State v. Boutin

Annotate this Case

346 A.2d 531 (1975)

STATE of Vermont v. Raymond L. BOUTIN.

No. 246-74.

Supreme Court of Vermont.

October 7, 1975.

Dale O. Gray, Essex County Deputy State's Atty., St. Johnsbury, for plaintiff.

Robert Edward West, Defender Gen., and Charles S. Martin, Appellate Defender, Montpelier, for defendant.


BILLINGS, Justice.

After trial by jury, Raymond Boutin was tried and convicted in the District Court of Vermont, Unit No. 4, Essex Circuit, under an unartfully drawn officer's complaint, charging simple assault in violation of 13 V.S.A. § 1023(a)(1) in that he did then and there attempt to cause bodily injury to another. The defendant seasonably moved for directed verdicts at the close of the State's case and again at the close of all of the evidence, both of which were denied. He now appeals on the ground that even taking the evidence in the light most favorable to the State, the jury could not have found the defendant guilty beyond a reasonable doubt of attempting to cause bodily injury to another.

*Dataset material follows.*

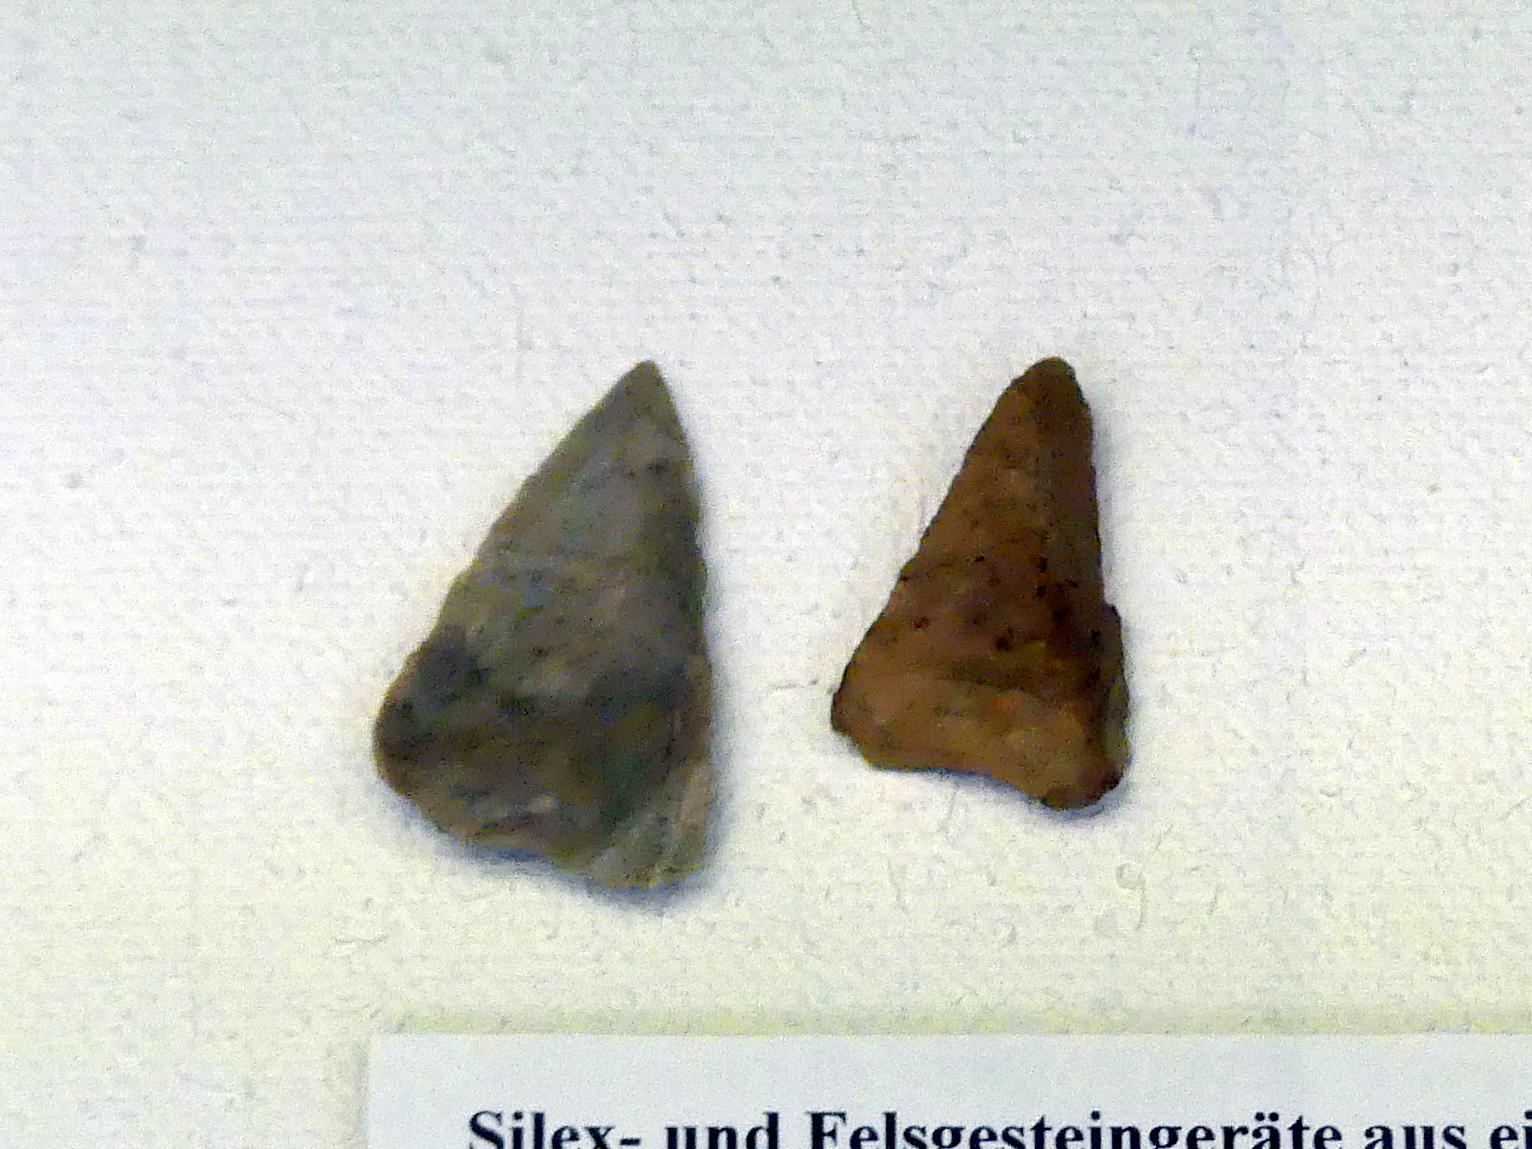 2 Pfeilspitzen, Frühneolithikum (Altneolithikum), 5500 - 4900 v. Chr., Mittelneolithikum, 5500 - 4400 v. Chr.
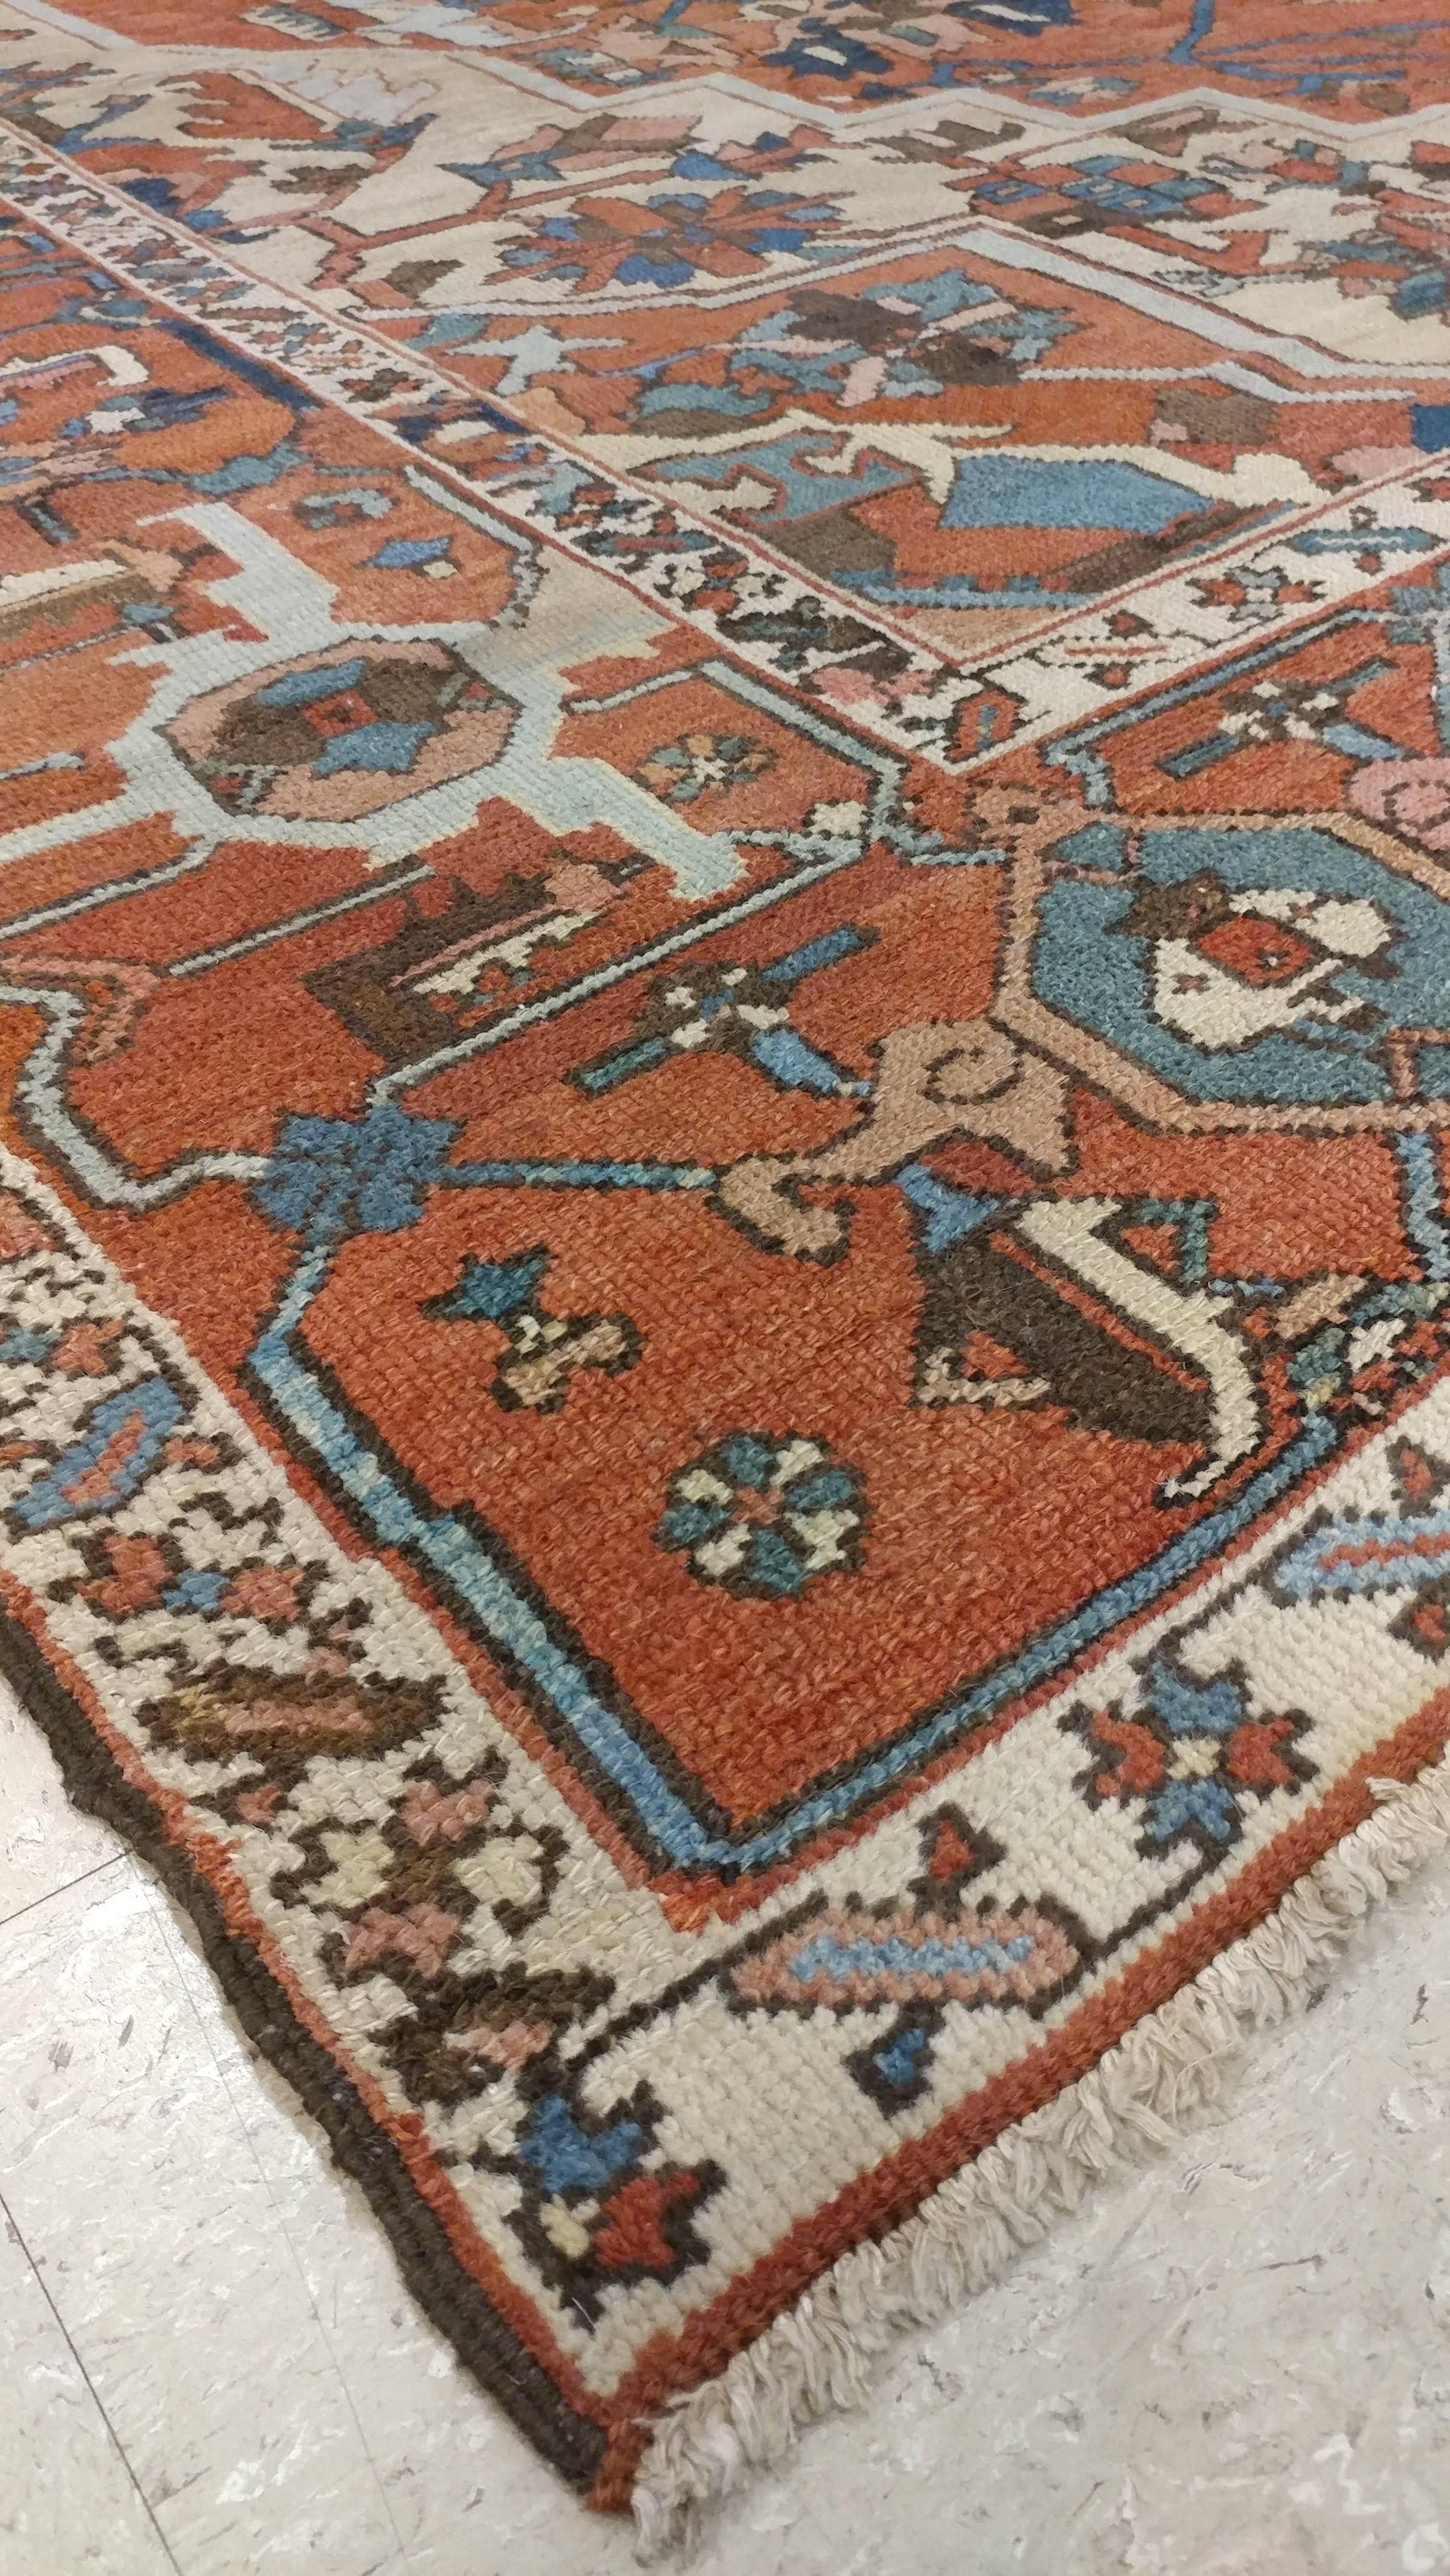 Antique Persian Handmade Wool Oriental Serapi Carpet, Rust, Gold, Light Blue 4

The facts disclose that on the evening of August 29, 1973, the defendant and Gary *532 Moore were involved in a scuffle in front of Al's Pizza in Island Pond, Vermont. Following the scuffle, the defendant picked up a bottle from a trash can nearby, while Moore grabbed a rock from the street. Two town constables heard the disturbance and, on investigating, found the defendant and Moore ten feet apart, with the defendant walking towards Moore with the bottle raised over his head and Moore backing away across the street. The constables requested the defendant to put down the bottle, and then the defendant turned on the officers. At no time did the defendant attempt to strike Moore or to throw the bottle or lunge towards Moore, nor did he ever get in closer proximity than ten feet.

The simple assault statute, 13 V.S.A. § 1023, was amended by the Legislature in 1971 and the part pertinent here reads as follows:

§ 1023. Simple Assault, (a) A person is guilty of simple assault if he: (1) attempts to cause or purposely, knowingly or recklessly causes bodily injury to another; . . .

To constitute an attempt to commit a crime, the act must be of such a character as to advance the conduct of the actor beyond the sphere of mere intent. It must reach far enough towards the accomplishment of the desired result to amount to the commencement of the consummation. State v. Hurley, 79 Vt. 28, 31, 64 A. 78 (1906). Here the holding of a bottle in one hand ten feet from the intended victim does not make it likely to end in the consummation of the crime intended. State v. Woodmansee, 124 Vt. 387, 391, 205 A.2d 407 (1964). Although equivocal testimony is for the jury's evaluations, there first must be some testimony in a case evidencing criminal conduct as charged and sufficient to justify a finding of guilty beyond a reasonable doubt. Since the evidence failed to establish all of the elements essential to constitute the alleged offense, the trial court should have granted the motion for directed verdict. State v. Morse, 130 Vt. 92, 94, 286 A.2d 286 (1971).